Failure to observe the exceptions listed above and entering into transactions in violation of the foreign currency restriction may result in significant legal consequences, particularly for companies. In such cases, the General Directorate of Financial Markets and Foreign Exchange under the Ministry of Treasury and Finance may notify the competent Office of the Chief Public Prosecutor. Where the necessary legal elements are present, administrative sanctions -such as monetary fines- may be imposed.

Assessment

Decree No. 32 and the related regulatory framework establish a significant economic control mechanism aimed at curbing the depreciation of the Turkish lira. The secondary legislation limiting the use of foreign currency in contractual relationships -and the exceptions thereto- forms a dynamic legal framework that must be closely monitored by both domestic and foreign investors operating in Türkiye. Misapplication or incomplete application of these exceptions may lead to administrative penalties.

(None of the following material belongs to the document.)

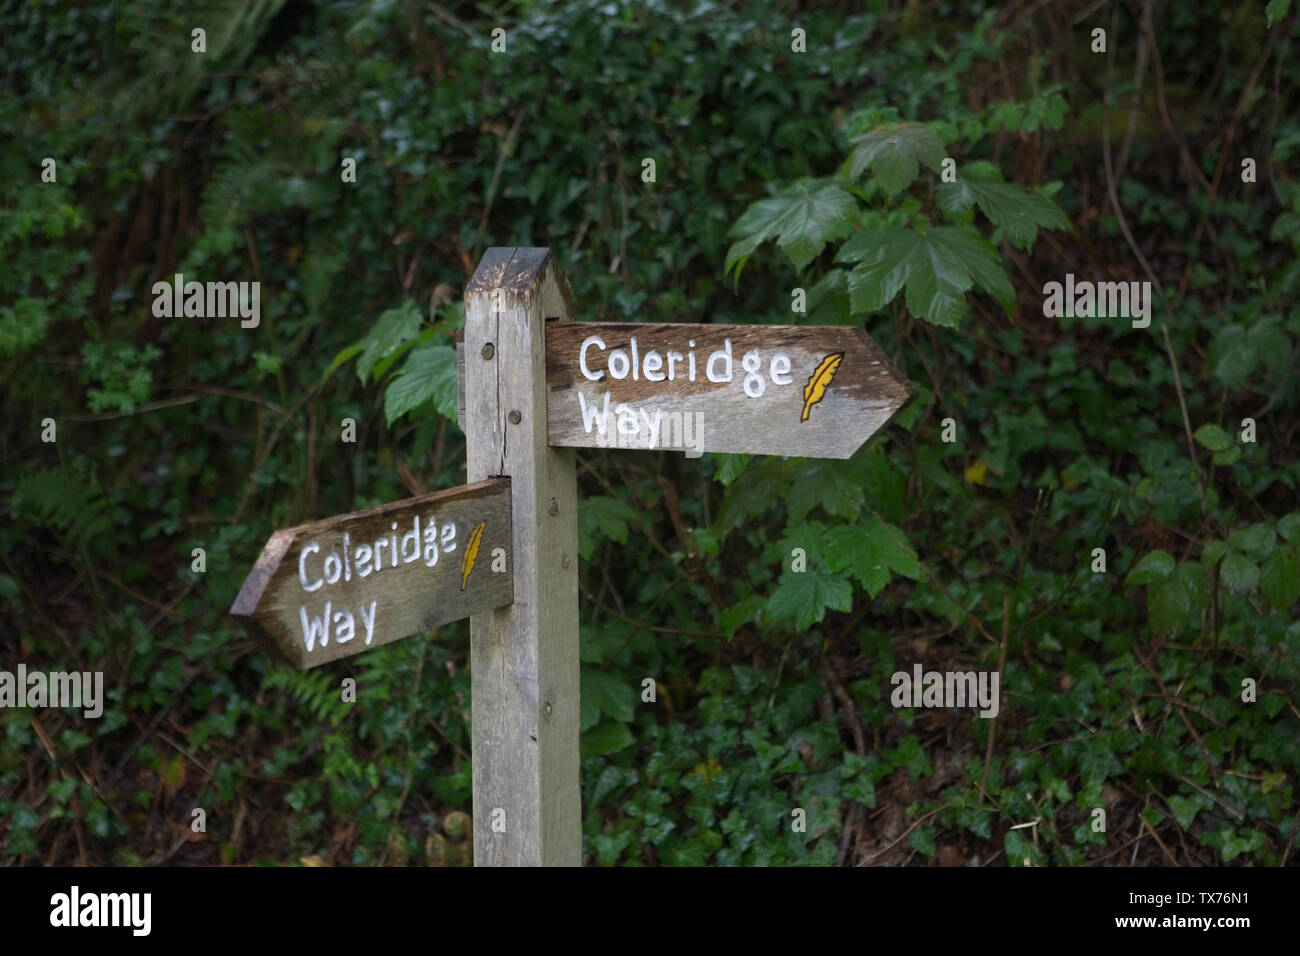 Coleridge modo segno che indica il percorso del poeta romantico Samuel Taylor Coleridge Foto Stock
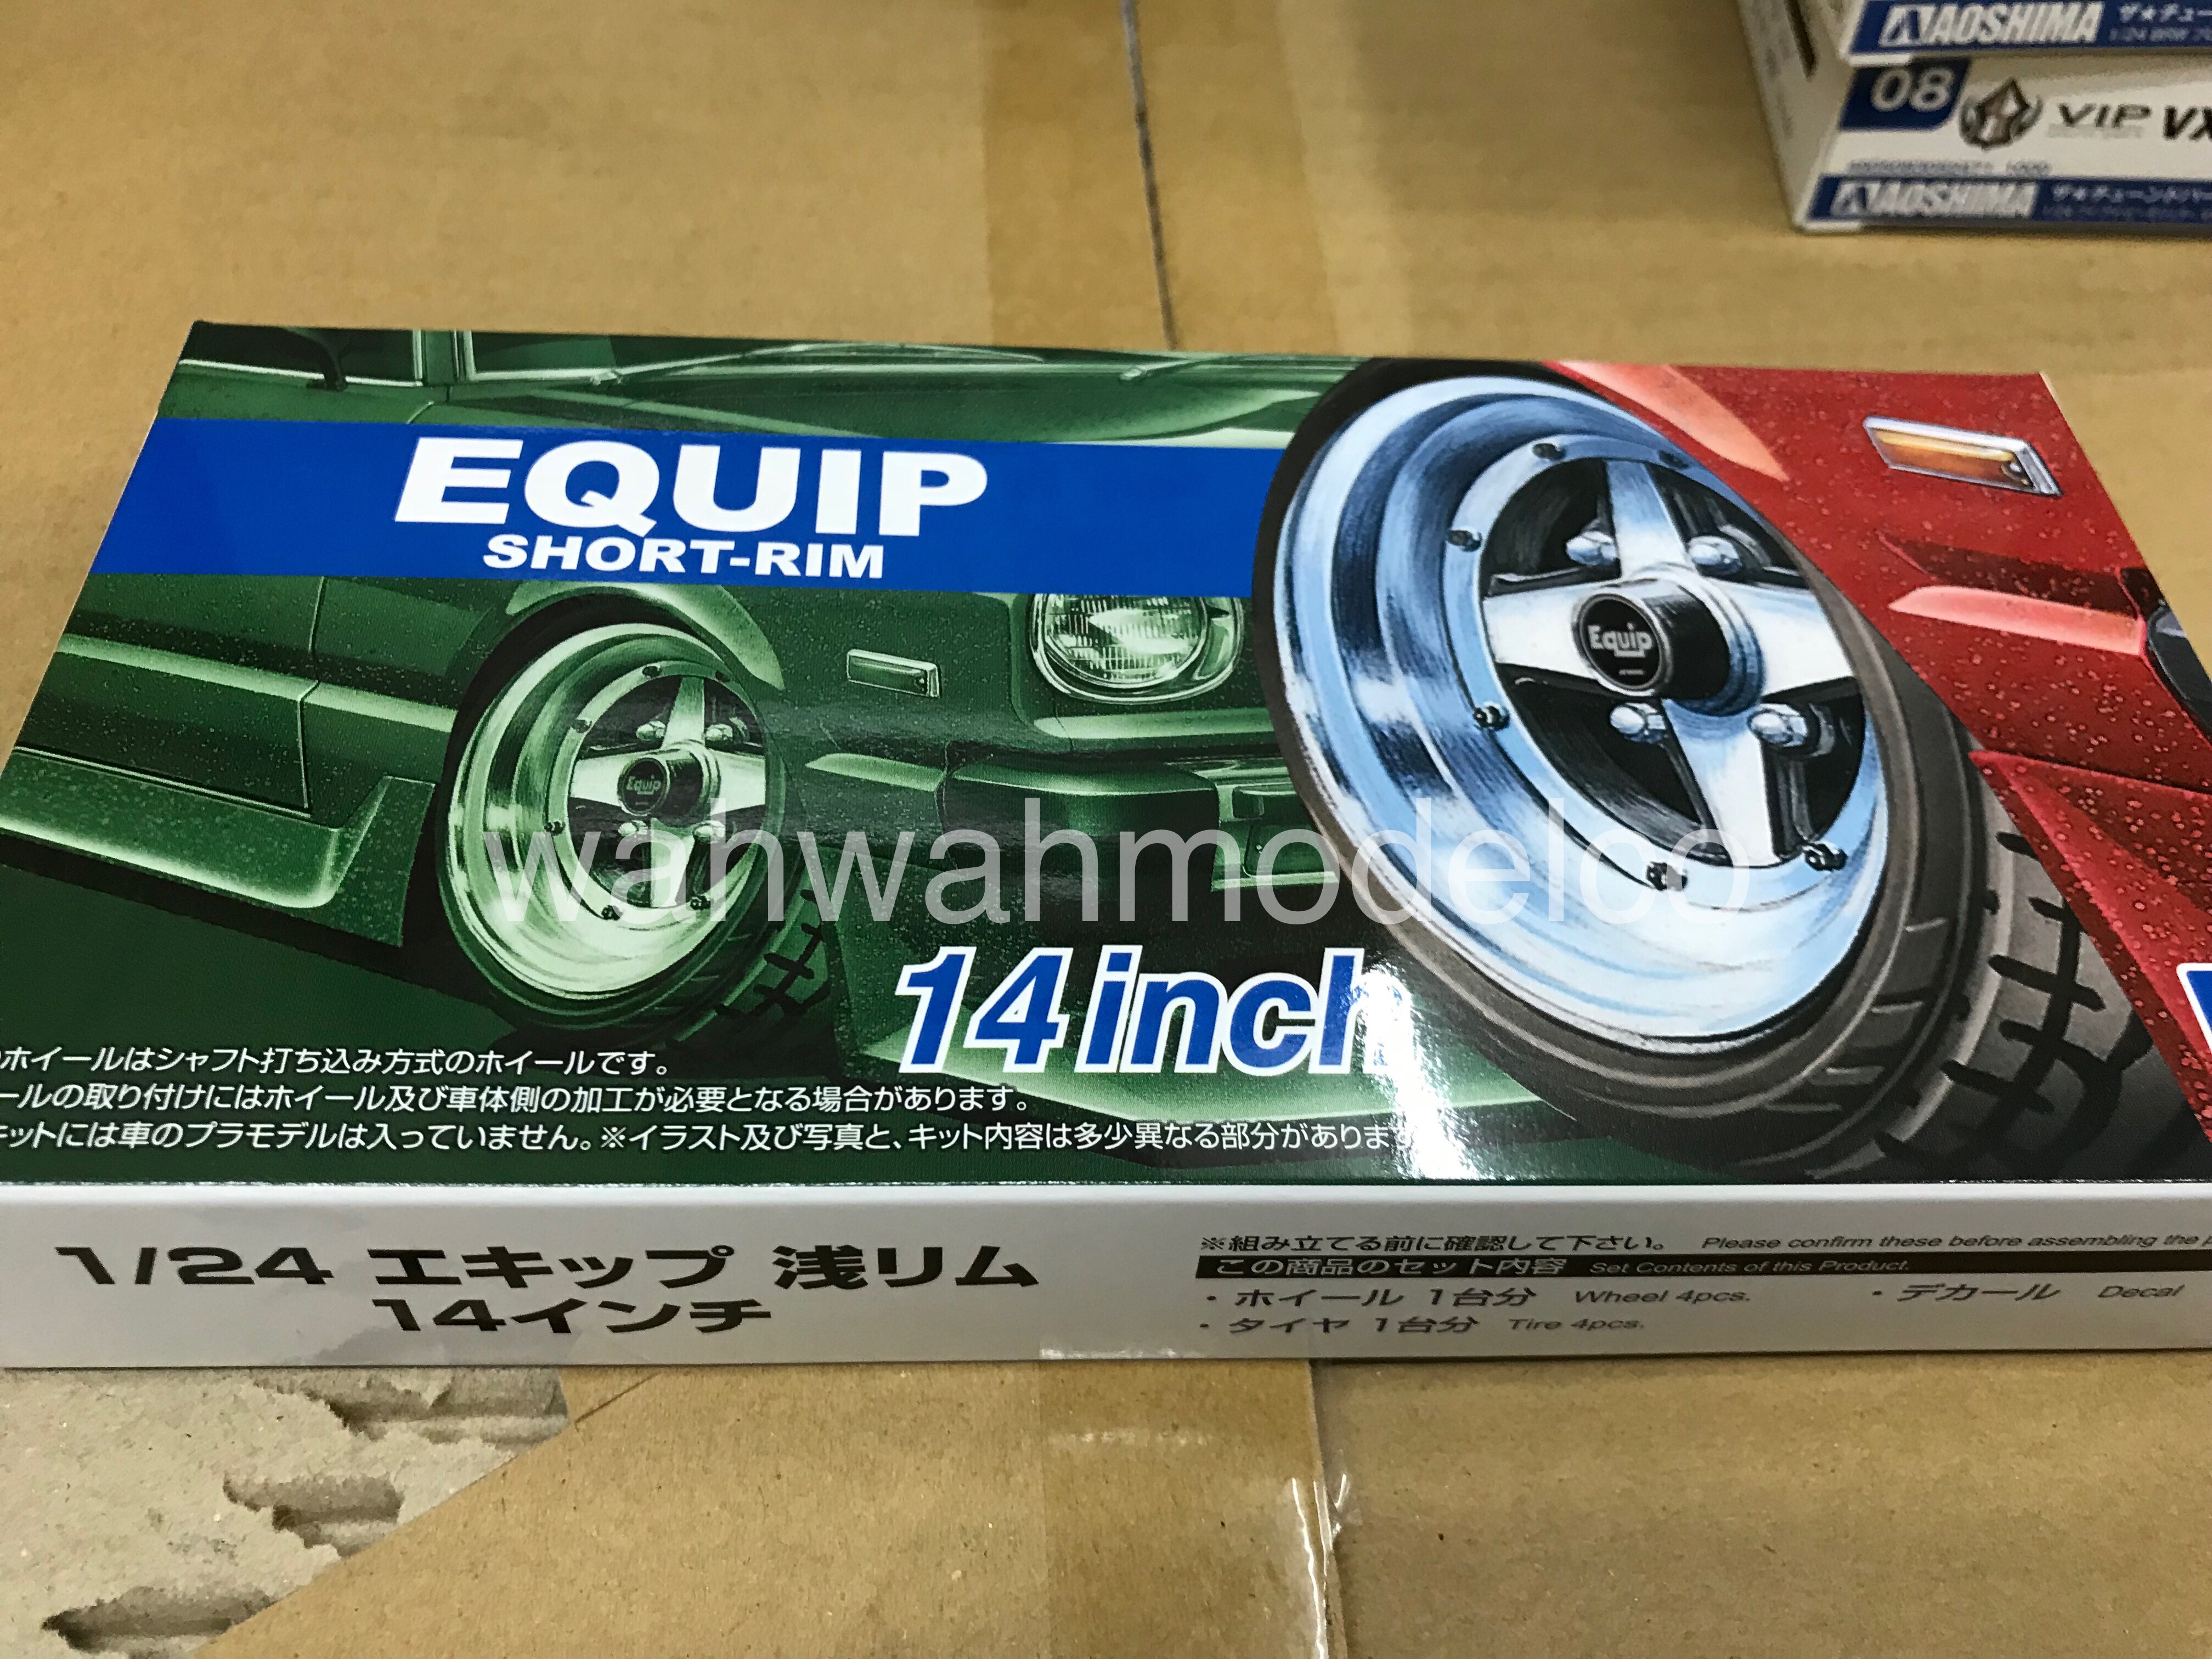 Aoshima 55304 Tuned Parts 88 1/24 LowenHart LD5 LX 19 inch Tire Wheel set

The above information reflects the general assessments of YılmazÜlker Law Firm ("YılmazÜlker") regarding the subject matter and do not constitute legal opinion or legal consultancy services. Before taking any action based on the matters stated herein, it is recommended to seek professional legal advice by considering the specific circumstances of the case. YılmazÜlker shall not be held liable for any consequences arising from or in connection with the content of this document.